*** Information shown Section Begins ***

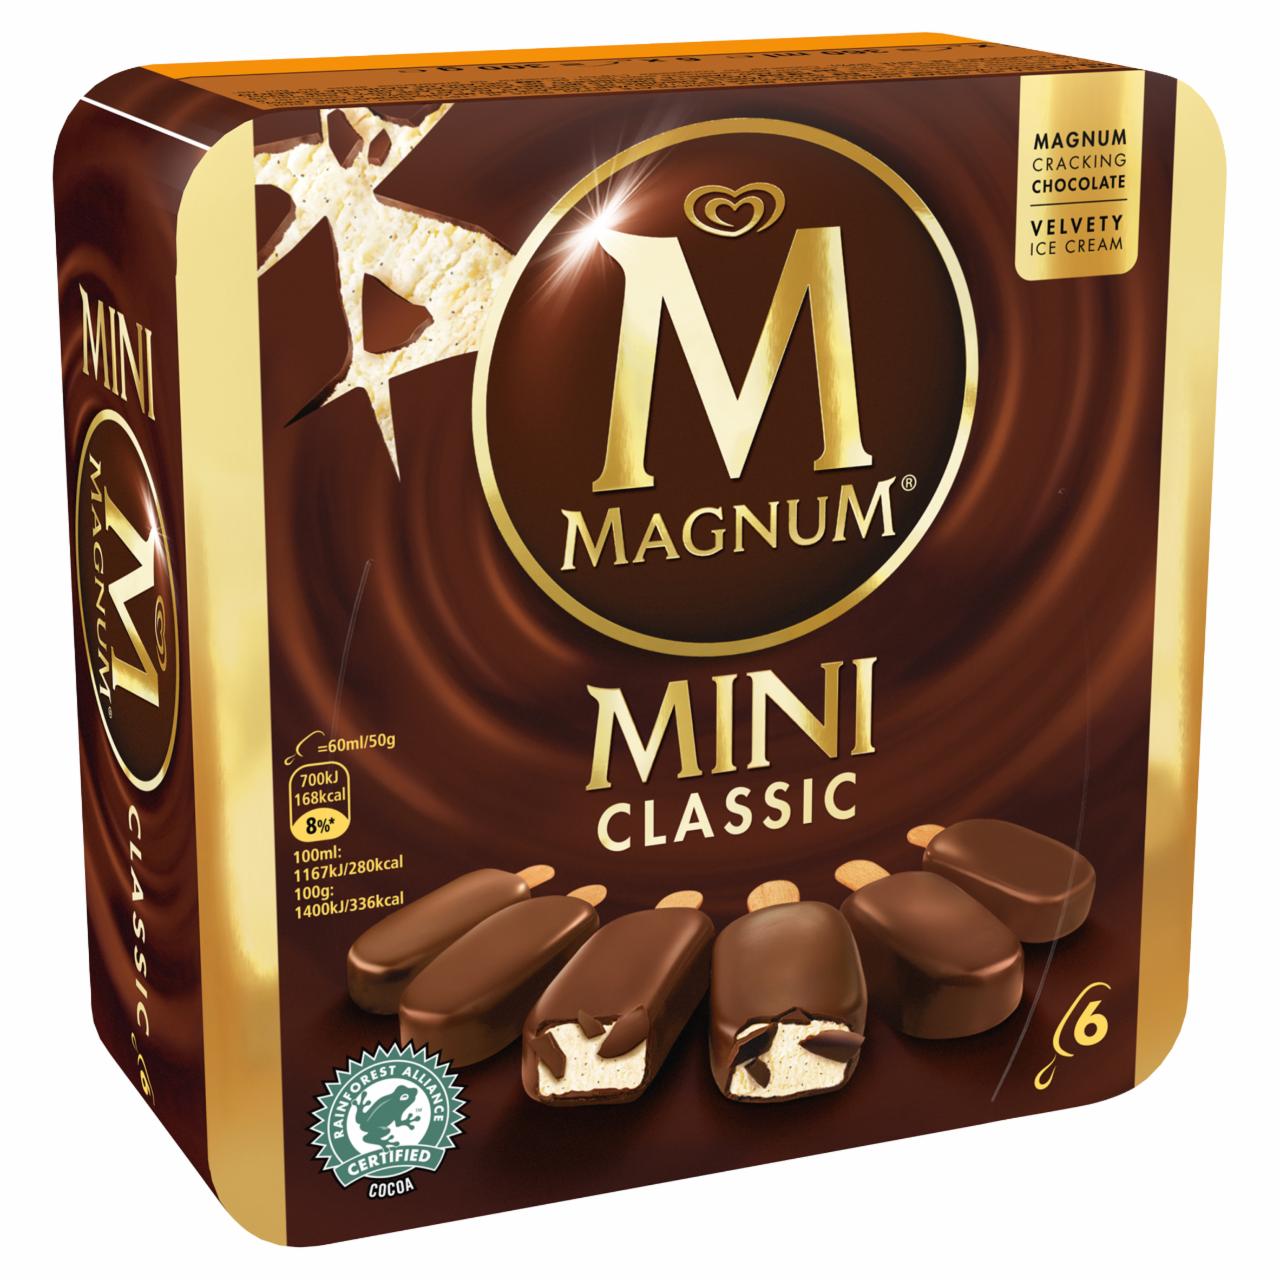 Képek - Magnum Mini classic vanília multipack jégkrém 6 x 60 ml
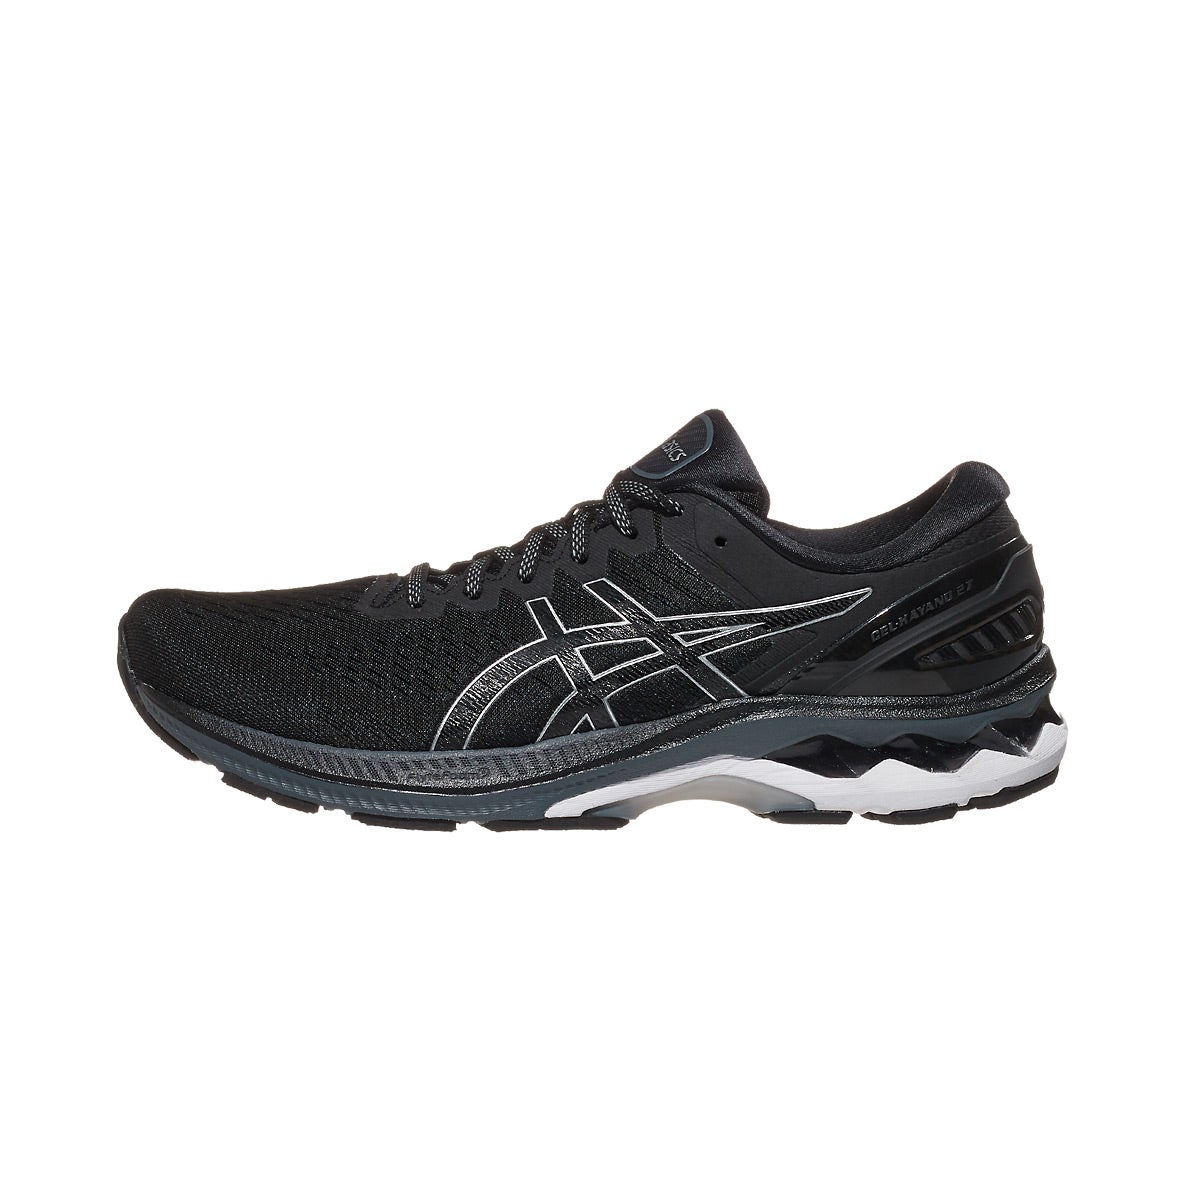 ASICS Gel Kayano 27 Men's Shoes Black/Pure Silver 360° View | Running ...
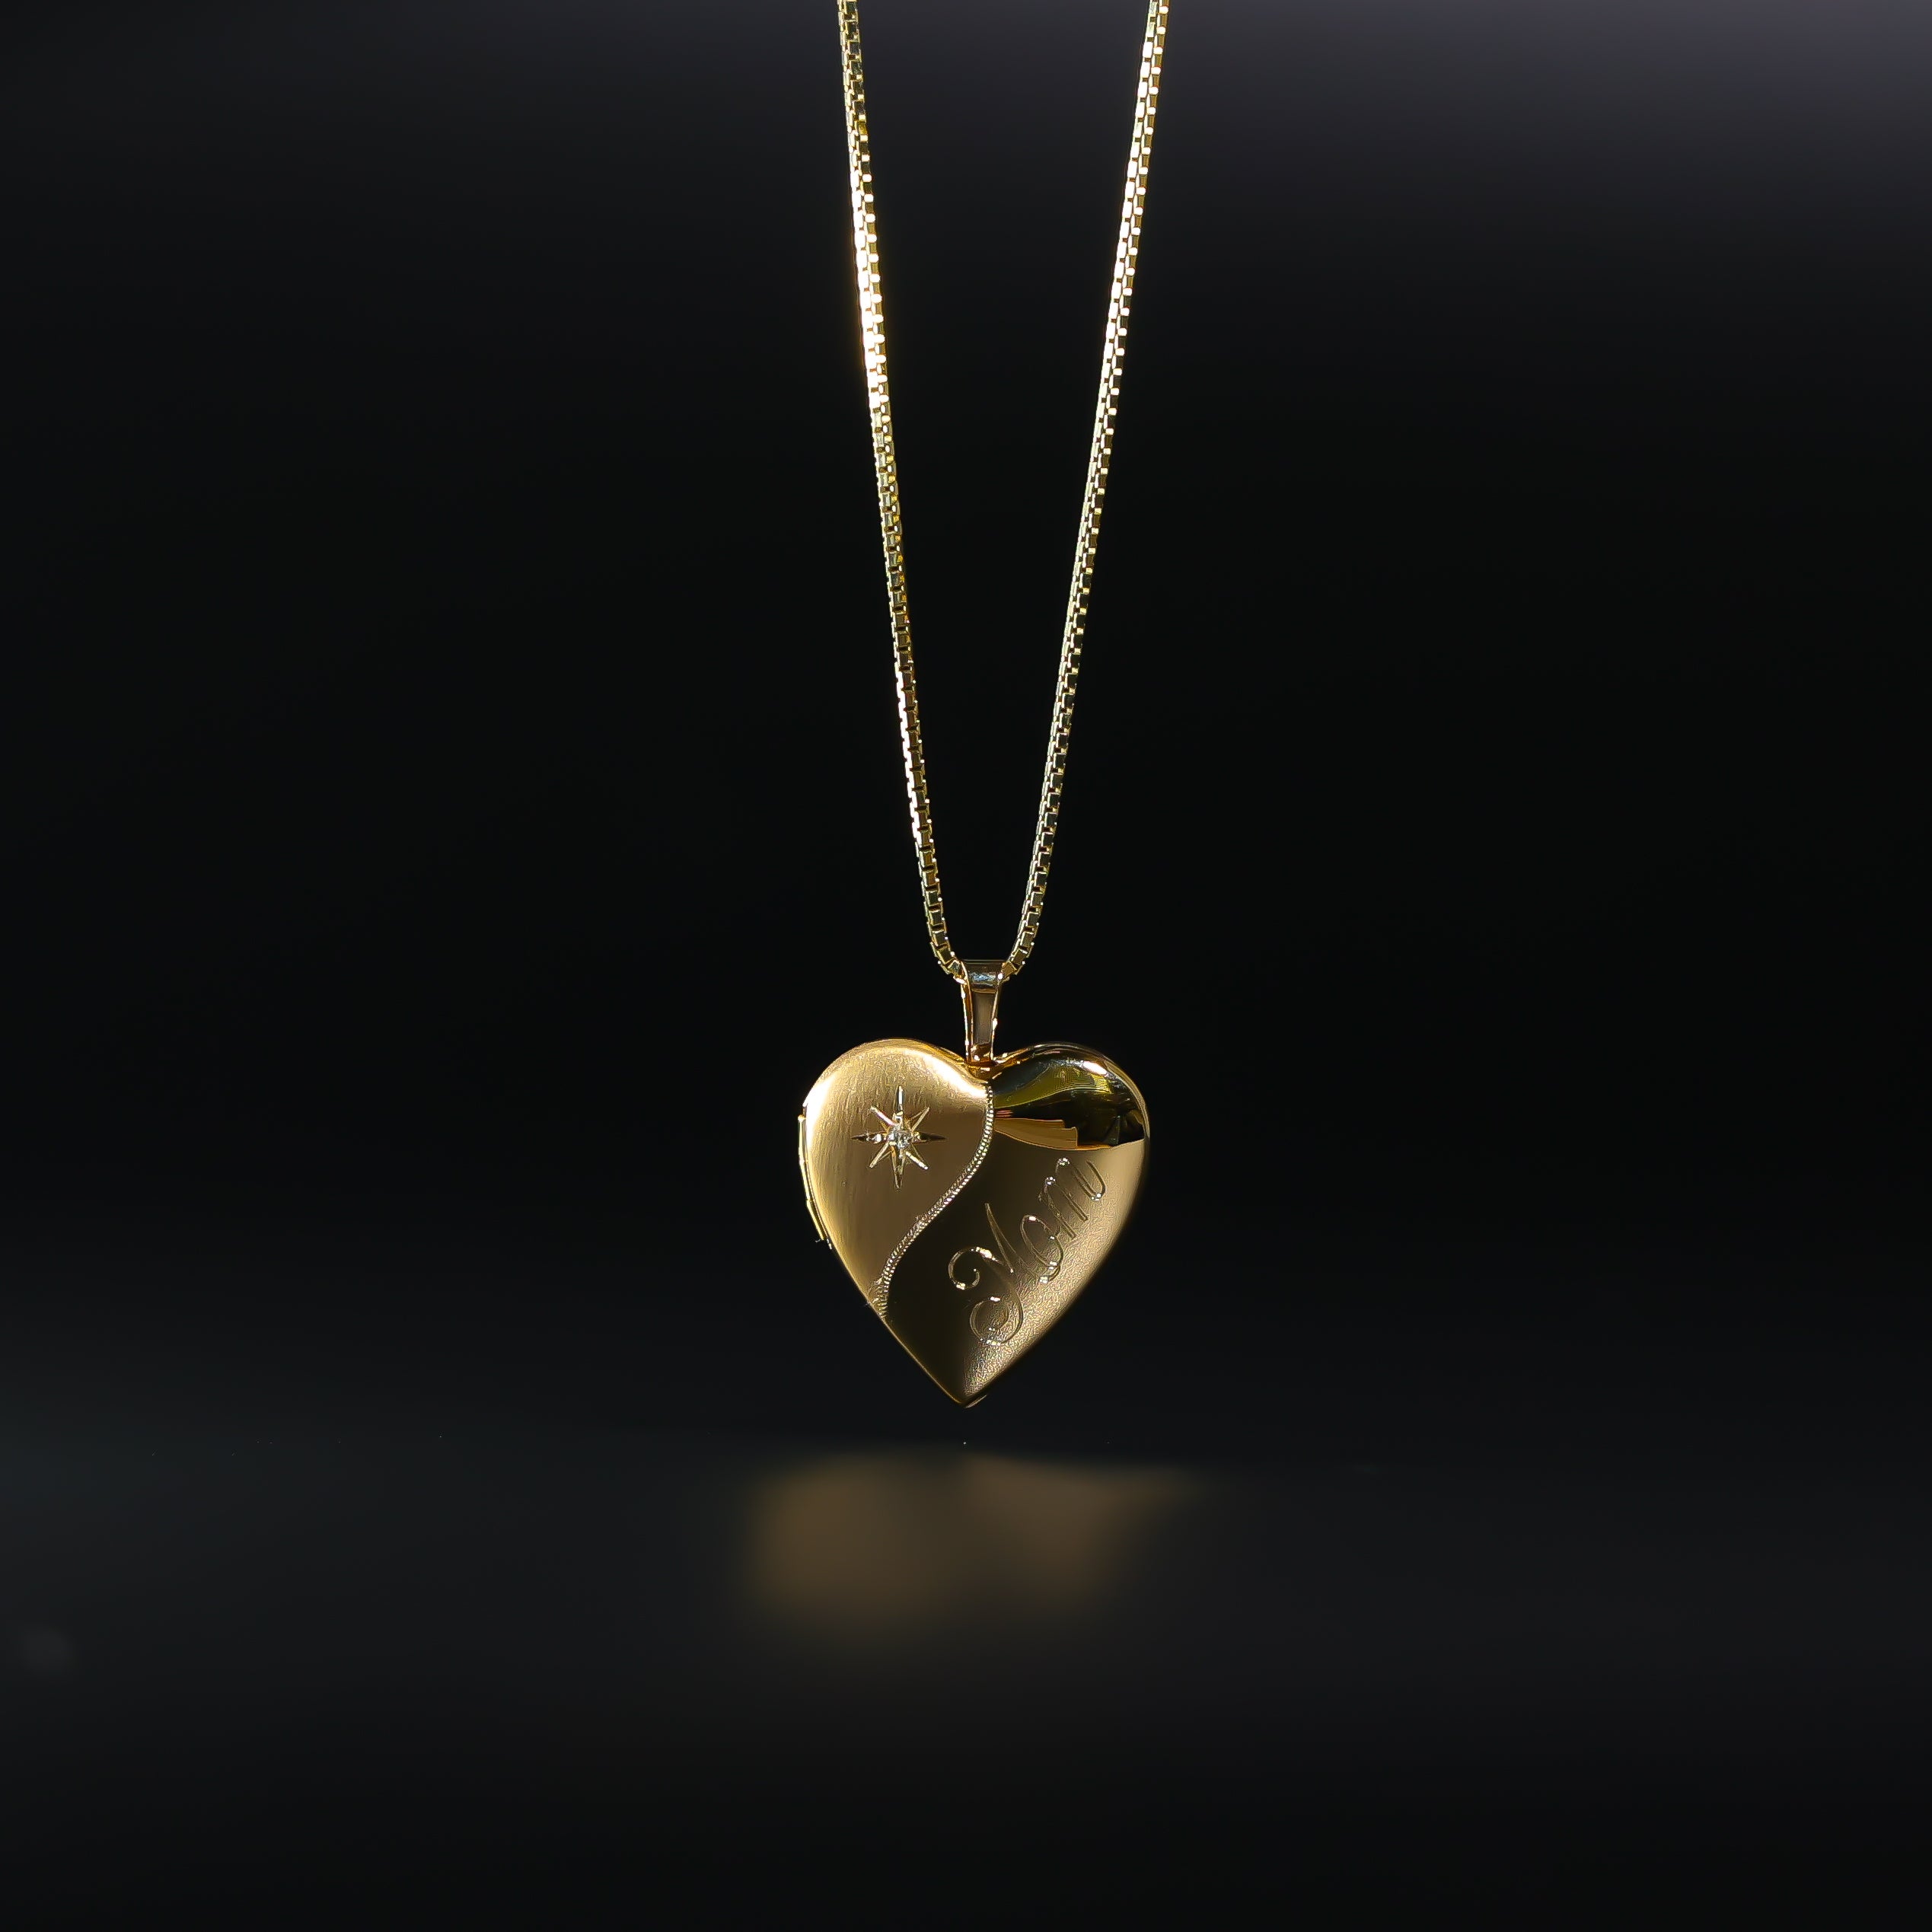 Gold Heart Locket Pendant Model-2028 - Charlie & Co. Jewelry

*** Information shown Section Ends ***

▶ _Exercise requirements_
Restate the listing above word for word and skip each picture.

▶ _Solution to this exercise_
 Képek - Magnum Mini classic vanília multipack jégkrém 6 x 60 ml
 ASICS Gel Kayano 27 Men's Shoes Black/Pure Silver 360° View | Running ...
 Gold Heart Locket Pendant Model-2028 - Charlie & Co. Jewelry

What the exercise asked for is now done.